2. No segundo semestre de 1948 tive com o Secretário da Educação e Saúde, pela primeira vez, contato direto e pessoal. Solidário embora com o seu plano de reconstrução global do sistema educativo baiano (e disto poderia dar agora prova irretorquível, não fora a necessidade de observar o tempo que me foi assinado), achava-me então empenhado na aprovação de um projeto de lei criador dos primeiros ginásios estaduais gratuitos do interior da Bahia, sonho de minha juventude.
Cordial, Anísio Teixeira recebeu-me de forma a me deixar à vontade.
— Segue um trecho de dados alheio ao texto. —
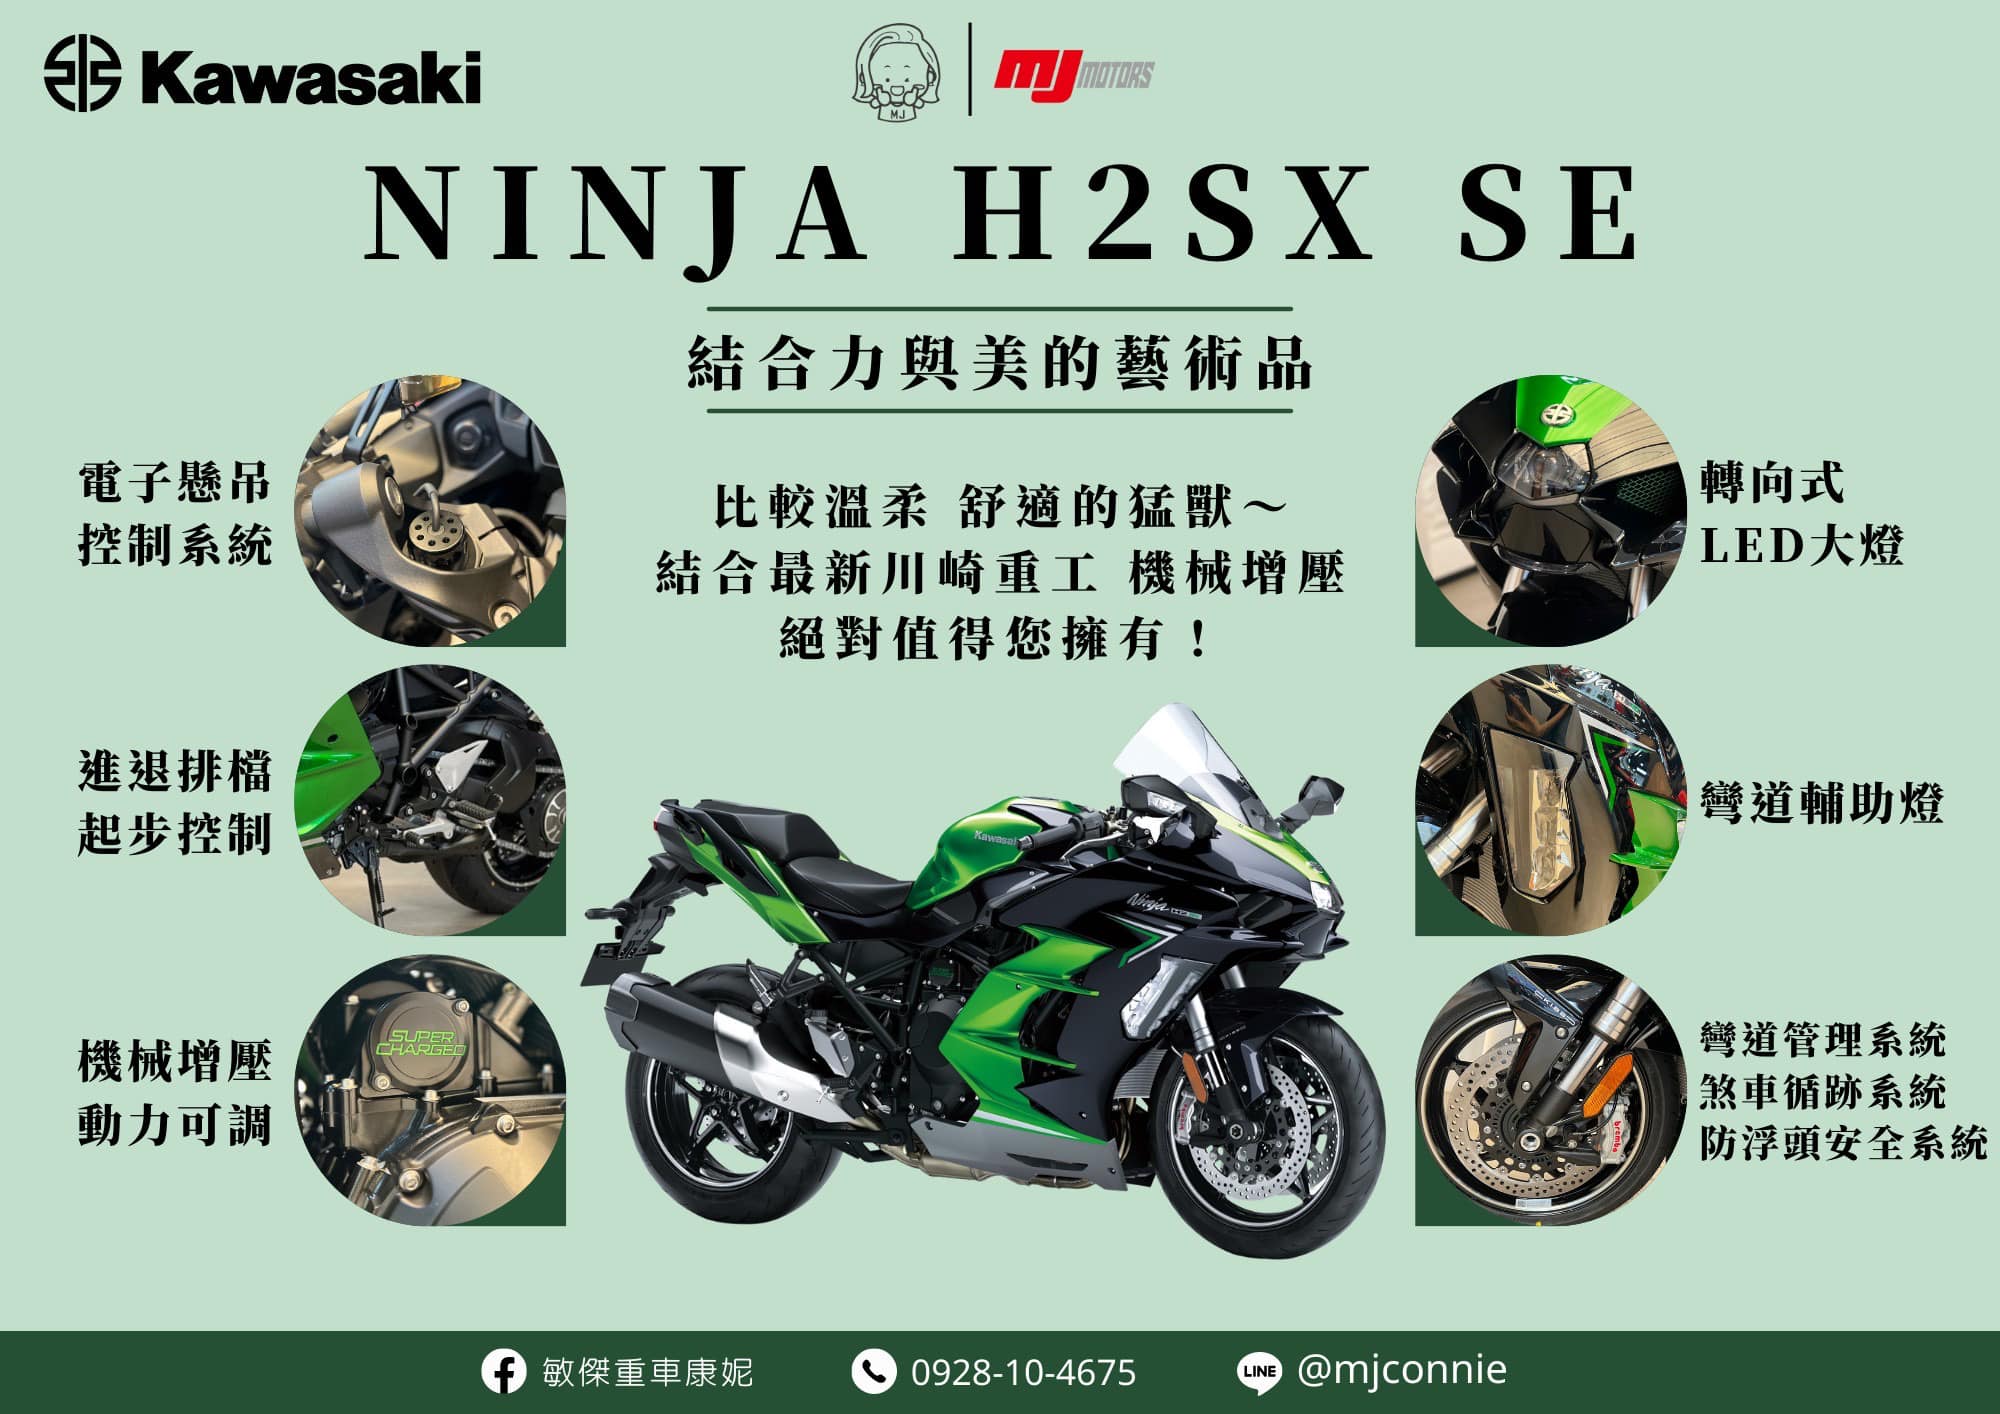 【敏傑車業資深銷售專員 康妮 Connie】KAWASAKI Ninja H2 SX - 「Webike-摩托車市」 『敏傑康妮』Kawasaki H2SX SE 低利率方案實施中 給您最滿意的服務 請訊息給康妮

Estava a par de minha iniciativa parlamentar, mas fazia objeções aos ginásios públicos. Dava preferência aos subvencionados ou mantidos por cooperativas. Longamente conversamos sobre isso. Inexistindo, nas cidades pelo meu projeto selecionadas, estabelecimentos particulares de ensino médio, a idéia de subvenção parecia-me excluída. Por outro lado, o grau de espírito associativo no interior da Bahia era pequeníssimo e, em se tratando de cooperativismo não-econômico, de ordem cultural, quem sabe até inatingível. Eu precisava conquistar ao menos a neutralidade daquele Secretário poderoso, menina-dos-olhos do Governador Otávio Mangabeira, para continuar contando com a maioria interpartidária da Assembléia Legislativa, atingir o termo final de aprovação do meu projeto e vê-lo naquele mesmo ano convertido em lei. Mantivemos um colóquio fértil, do qual saí convicto de que o Dr. Anísio Teixeira não usaria sua influência parlamentar contra a idéia de dotar o interior da Bahia de ginásios gratuitos. E ao cabo vi-me cumulado com uma inesperada cortesia: o admirado titular levantou-se para me acompanhar até a porta de saída de seu gabinete, percurso no qual, tomando-me pelo braço assim me falou: Dr. Rubem, nós precisamos no Brasil é de uma revolução, no homem, de dentro para fora, ao que lhe respondi: Como está nos Evangelhos, não é, Dr. Anísio?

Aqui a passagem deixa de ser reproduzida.